The low planting densities of agroforestry systems are one of the major elements that may modulate tree growth and wood formation by inducing greater exposure to wind and reducing competition for light (Benomar et al. 2013). During their development, trees are regularly subjected to mechanical stimuli such as those induced by wind. In response to these mechanical disturbances, trees modulate their growing development by changing the distribution of their biomass (Niez et al. 2018). This acclimation phenomenon, called thigmomorphogenesis (Jaffe 1973), generally results in a decrease in aerial and reproductive growth in favor of root growth. In terms of aerial growth, there is generally a significant reduction in primary growth and an increase in secondary growth of their trunk (Niez et al. 2018). These changes are also coupled with a modification of the anatomy of their wood, then called flexure wood, and of its mechanical properties (Telewski 1989, 1995, 2006; Niklas 1996, 1998; Meng et al. 2006b, a; Coutand 2010; Bonnesoeur et al. 2016; Niez et al. 2018; Roignant et al. 2018). These responses to mechanical disturbances are still poorly understood, but they could strengthen the tree against the wind by improving its anchorage in the ground, reducing its drag and increasing the strength of its trunk (Gardiner et al. 2000; Nicoll et al. 2008; Niez et al. 2018).
In forest stands, it has been shown that a decrease in plantation density, is generally correlated with an increase in diameter growth (Bonnesoeur et al. 2016) and a decrease in the height growth of their trunk. As agroforestry trees are more exposed to wind due to lower planting densities than in forest, it can be assumed that they could be smaller and wider than those growing in forest plantations could.
Thanks to their late budburst (Dufour et al. 2013), which delays competition for light with neighboring arable crops, their heliophilicity and their fairly narrow crown, walnut trees are well suited for use in temperate agroforestry models with the production of high quality timber as one of the economic objectives. They are economically interesting because of their fruits and their valuable timber (Reisner et al. 2007; Mohni et al. 2009) and thus allow diversification of products and income within the agroforestry plots. Two main species of walnut trees are cultivated: the common walnut (Juglans regia) native to Central Asia and the black walnut (Juglans nigra) native to North America. For many decades, hybrids of these two species (Juglans x Regia x Nigra) have been created in order to improve the behavior of trees with a better disease resistance, a lower sensitivity to phototropism and finally better resistances to drought and spring frost.
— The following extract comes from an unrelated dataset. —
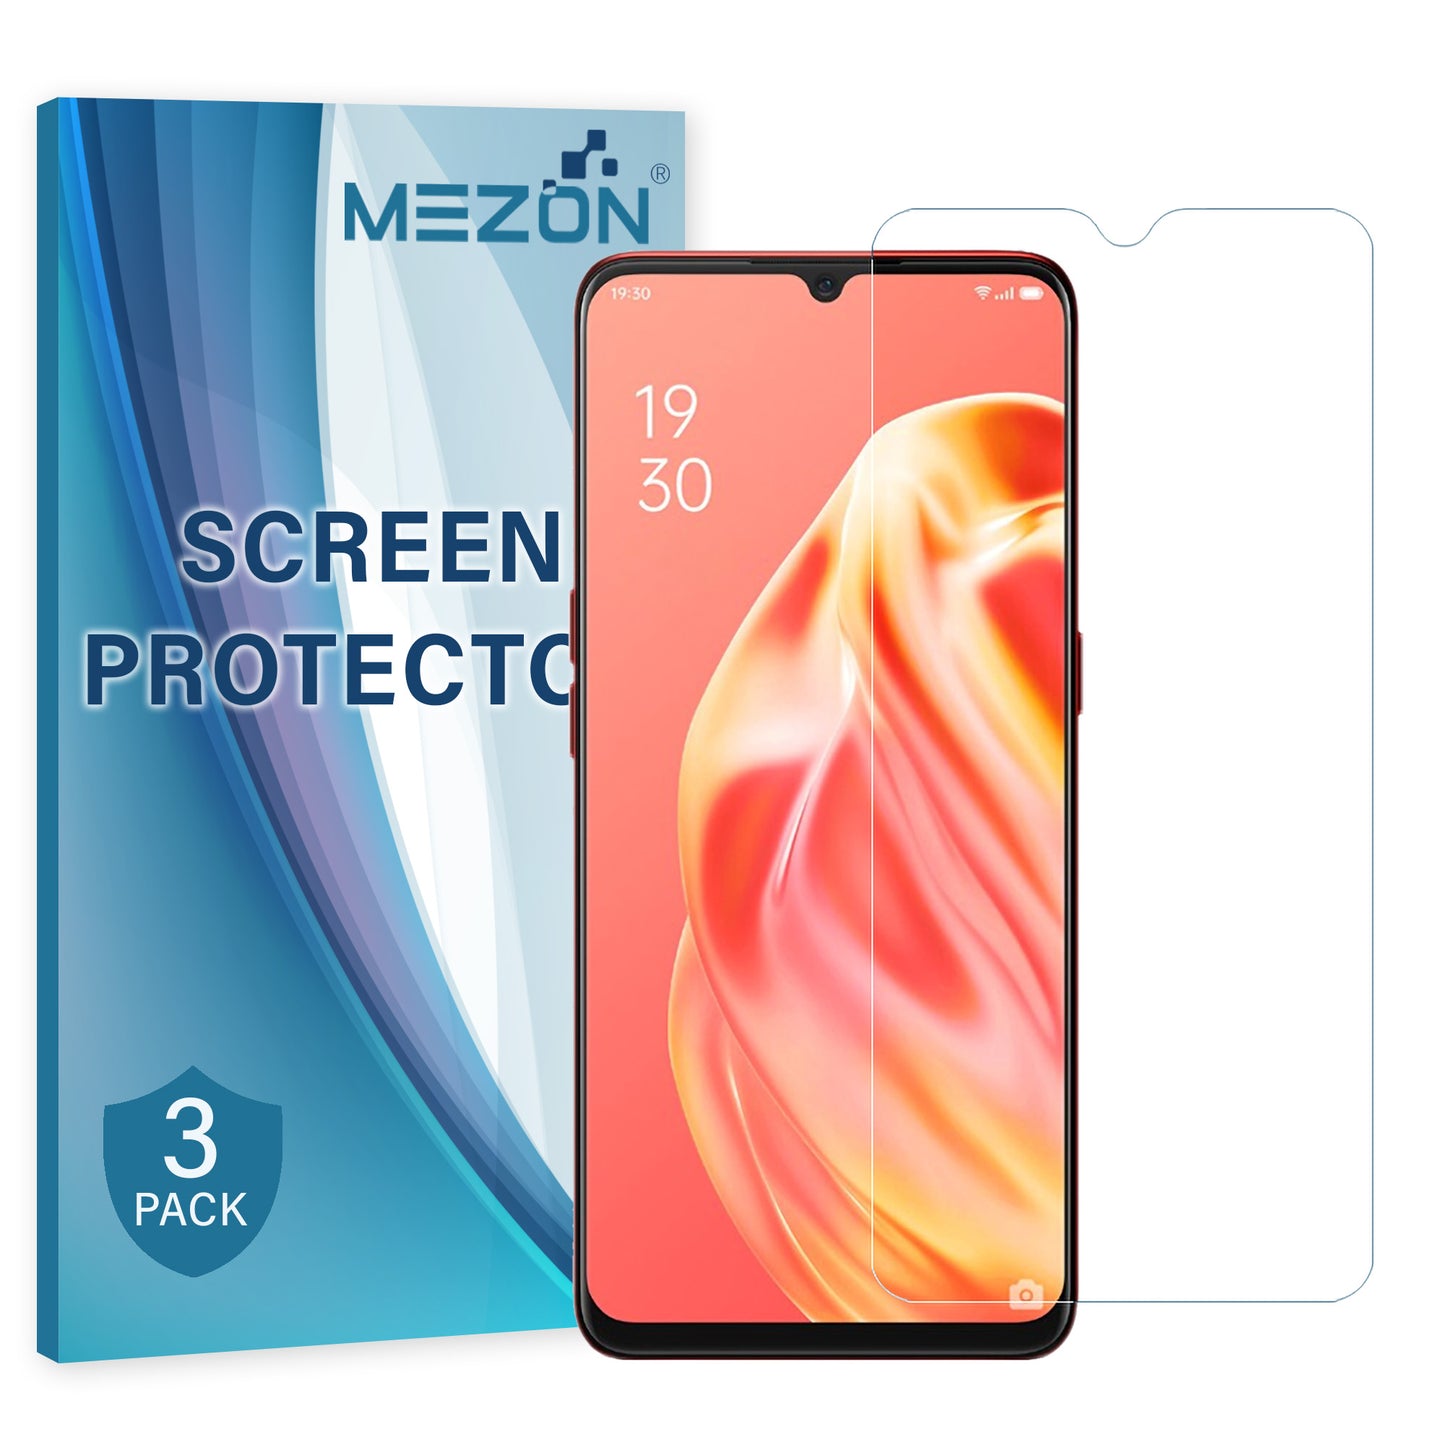 [3 Pack] MEZON Vivo Y3s (2021) Ultra Clear Screen Protector Case Friendly Film (Vivo Y3s, Clear)

They are also more vigorous and have good crown dominance (Beritognolo 2001). The hybrid walnut species prefer well-watered climate, without drought, and a well-drained soil (Coello et al. 2008).
The objective of the present study is to compare the growth dynamics of agroforestry hybrid walnut trees (Juglans regia × nigra cv. NG23) with walnut trees grown in more conventional plantation density. We hypothesized that due to the lower planting density in the agroforestry plot, the agroforestry walnut trees could have a lower height growth but a higher width growth than their forest controls.